IAG Symposia » G06. Geodetic remote sensing

[G06-1] Troposphere monitoring I

Tue. Aug 1, 2017 1:30 PM - 3:00 PM Room 504+505 (Kobe International Conference Center 5F, Room 504+505)

Chairs: Yoshinori Shoji (Meteorological Research Institute Tsukuba) , Robert Heinkelmann (German Research Centre for Geosciences Potsdam GFZ)

1:30 PM - 1:45 PM

[G06-1-01] GNSS Remote Sensing at GFZ: Overview and Recent Results

Jens Wickert1, 2, Fadwa AlShawaf1, Christina Arras1, Milad Asgarimehr1, Galina Dick1, Stefan Heise1, Kristine Larson3, XingXing Li1, Cuixian Lu1, Markus Ramatschi1, Maximilian Semmling1, Torsten Schmidt1, Tzvetan Simeonov1,2, Sibylle Vey1, Florian Zus1, Harald Schuh1,2 (1.German Research Centre for Geosciences GFZ, Germany, 2.Technische Universitaet Berlin, Germany, 3.University of Colorada, Boulder, U.S.)


GNSS atmospheric remote sensing was successfully established during the last two decades and evolved into a major application for high precision GNSS. Globally distributed vertical profiles of refractivity, temperature and water vapour are derived from satellite based GNSS data (Radio Occultation, RO).

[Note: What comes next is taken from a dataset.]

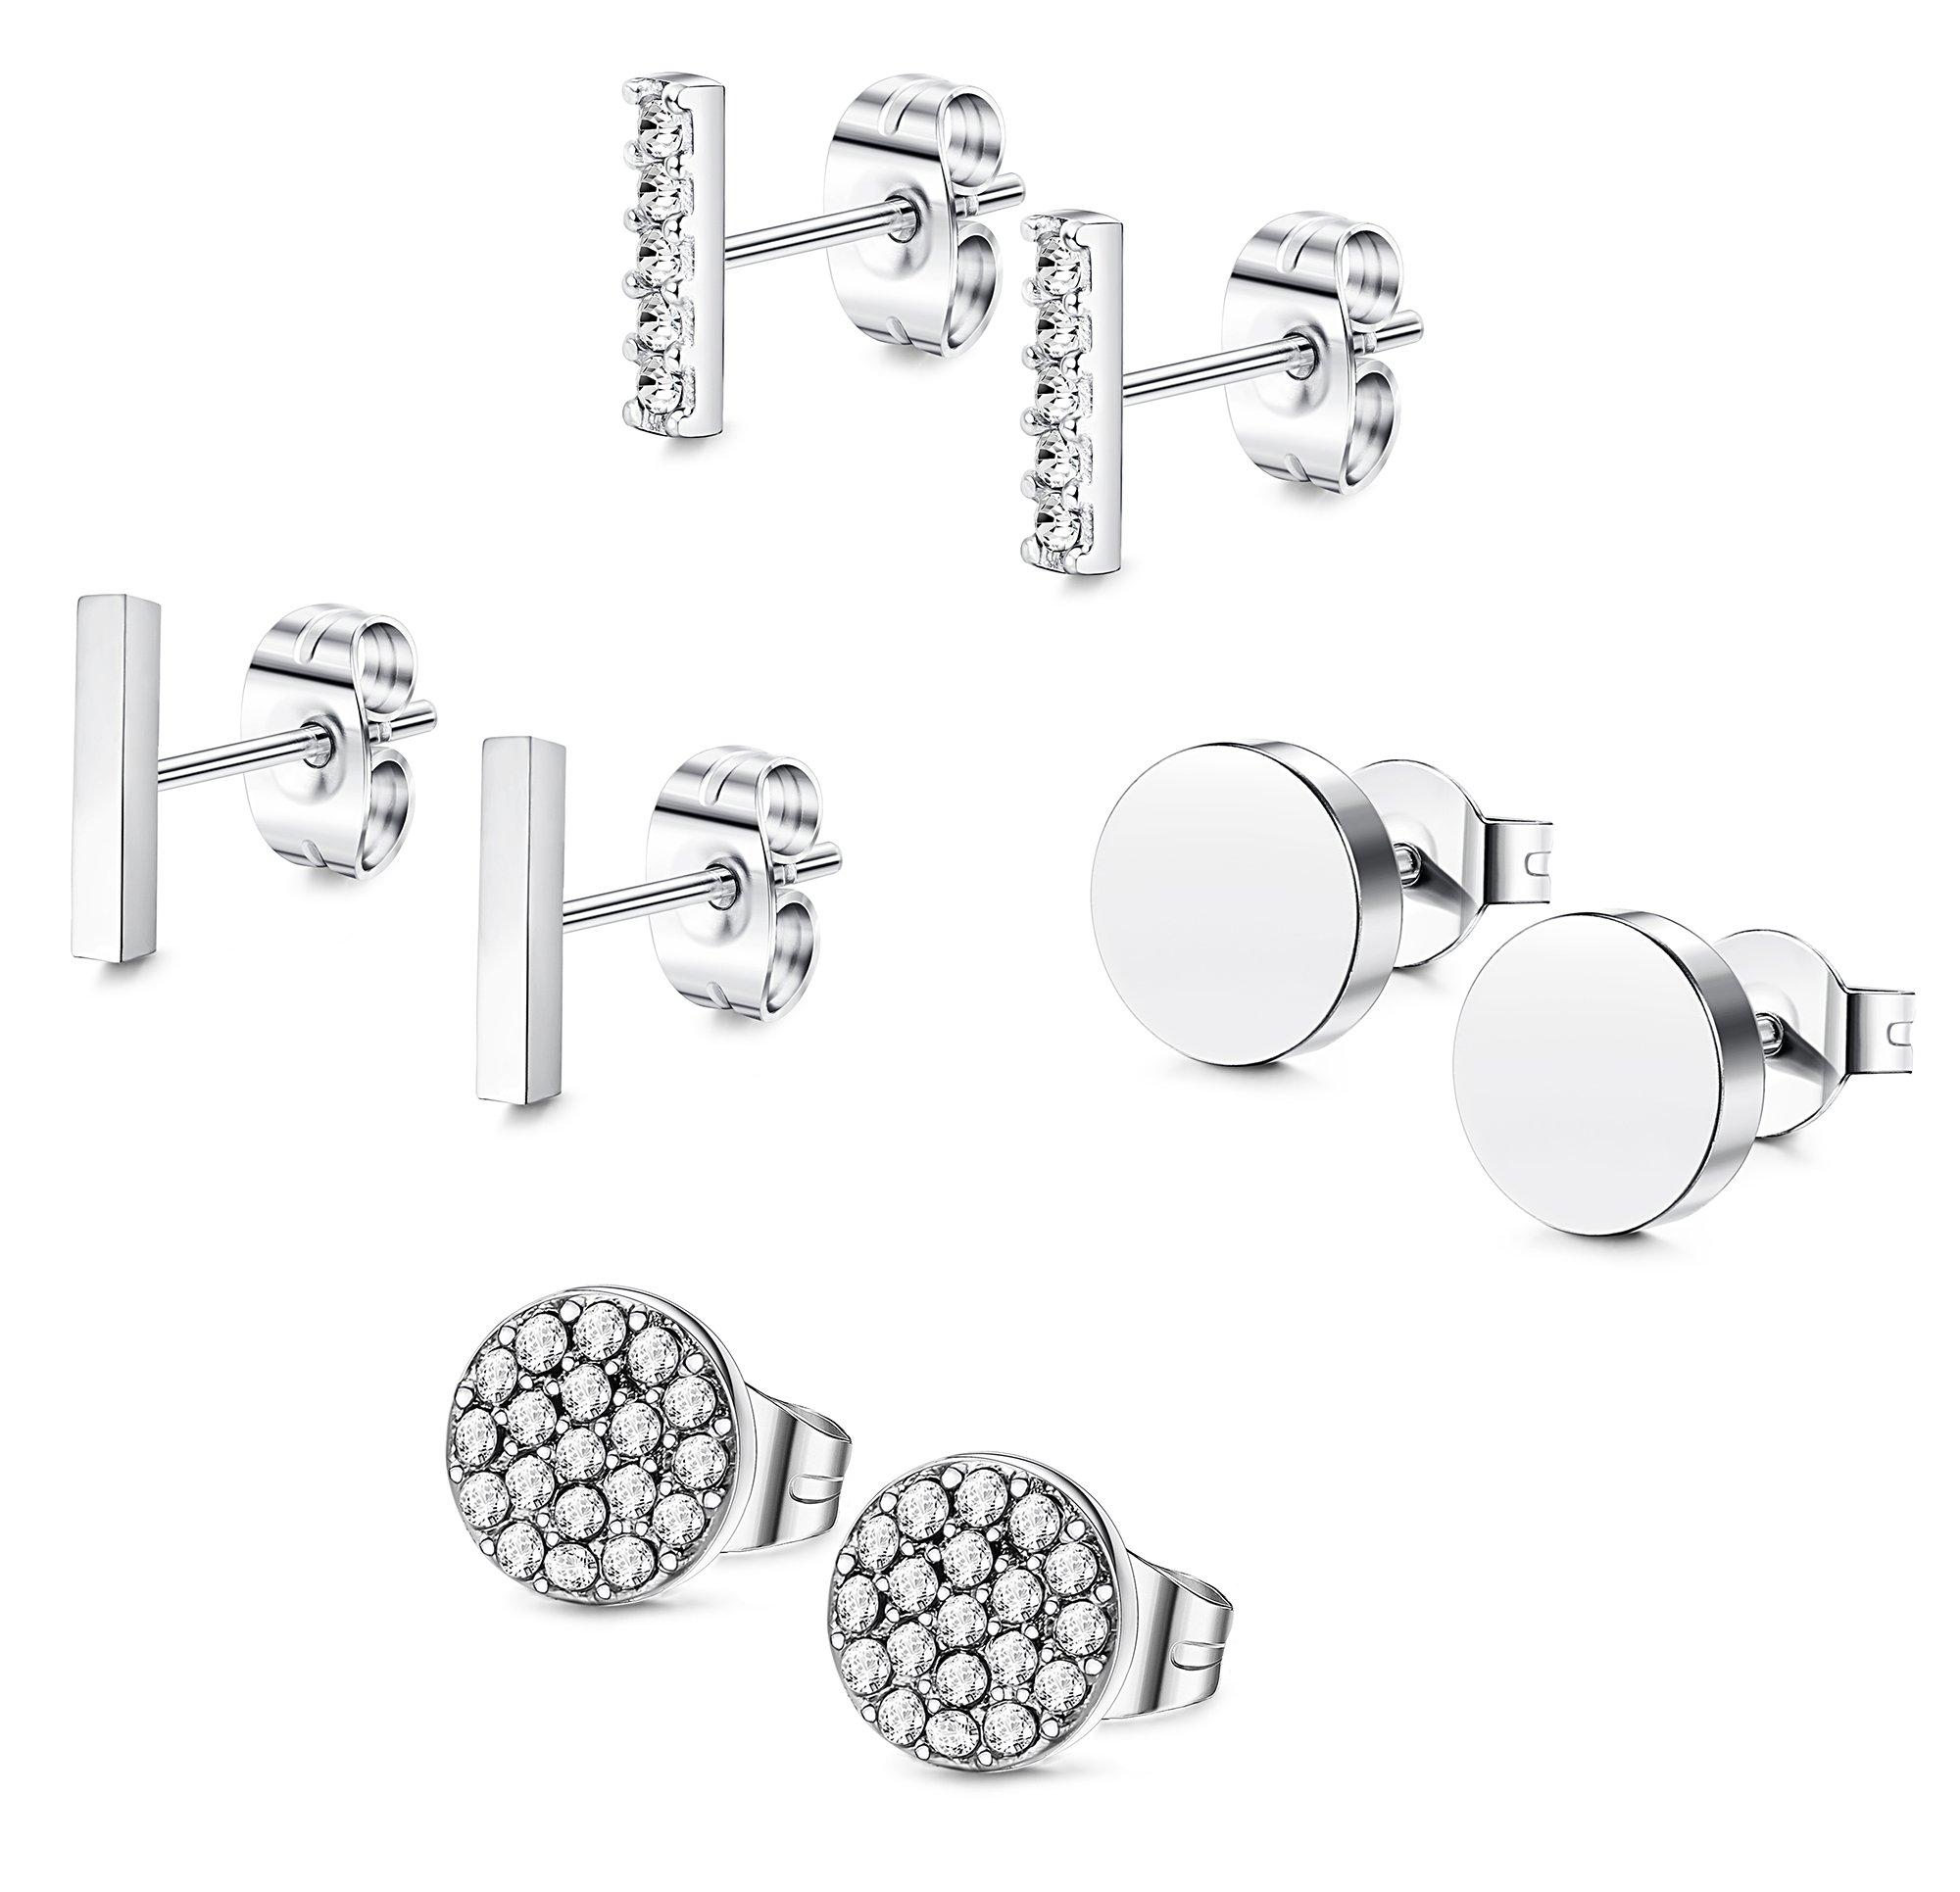 FIBO STEEL Stainless Steel CZ Bar Stud Earrings for Men Women Girls Silver-tone by FIBO STEEL
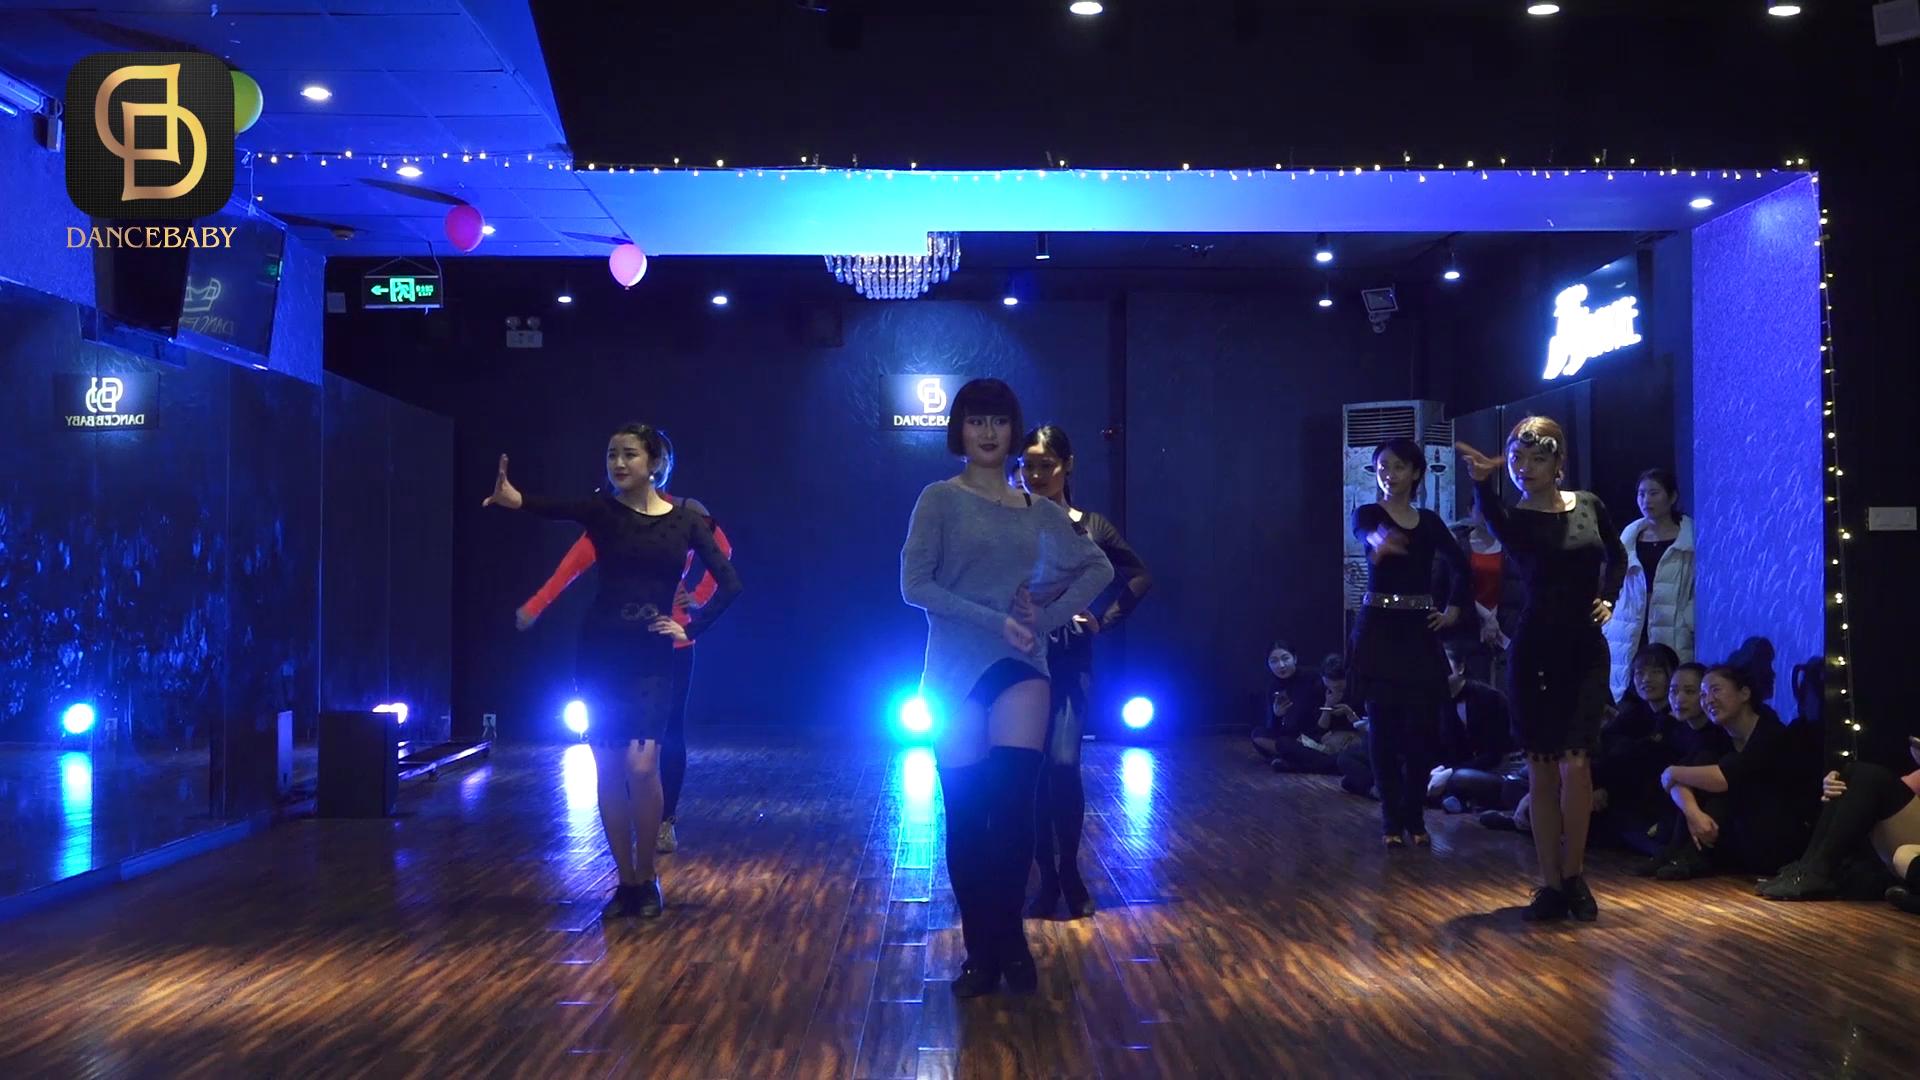 分享 Bluedancer蓝舞者 的美拍

Ground based measurements, provided by GNSS networks, allow for the derivation of vertically (IWV) or along the line-of-sight integrated water vapour (SWV). Another important GNSS remote sensing technique, the exploitation of Earth reflected signals (GNSS Reflectometry, GNSS-R) exhibits a huge potential for Earth Observation.
The status of the GNSS-RO experiments aboard the satellites GRACE-A, TerraSAR-X and TanDEM-X is reviewed. Examples of GNSS RO applications are given, as, e.g. climatological investigations of the global vertical temperature structure or the detection of ionospheric irregularities in the E-region. We also focus on ground based activities for GNSS water vapour monitoring. Observations of a global and regionally densified German network, with about 600 stations in total, are processed in near-real time to operationally provide IWV data. These data are assimilated into atmospheric models by several European weather centers. Current research activities are focused on the generation and meteorological application of GNSS based slant data, on real-time and multi-GNSS meteorology. In addition, climatological investigations are described to analyse long-term trends of the atmospheric water vapour over Germany but also as part of the Global Climate Observing System (GCOS) of the WMO (World Meteorological Organization).
Multipath data from standard GNSS receivers are used to derive information on soil moisture, vegetation and snow properties. We introduce selected research examples. We also review results from GNSS receivers aboard flight and ship platforms using the GNSS-R phase altimetry technique.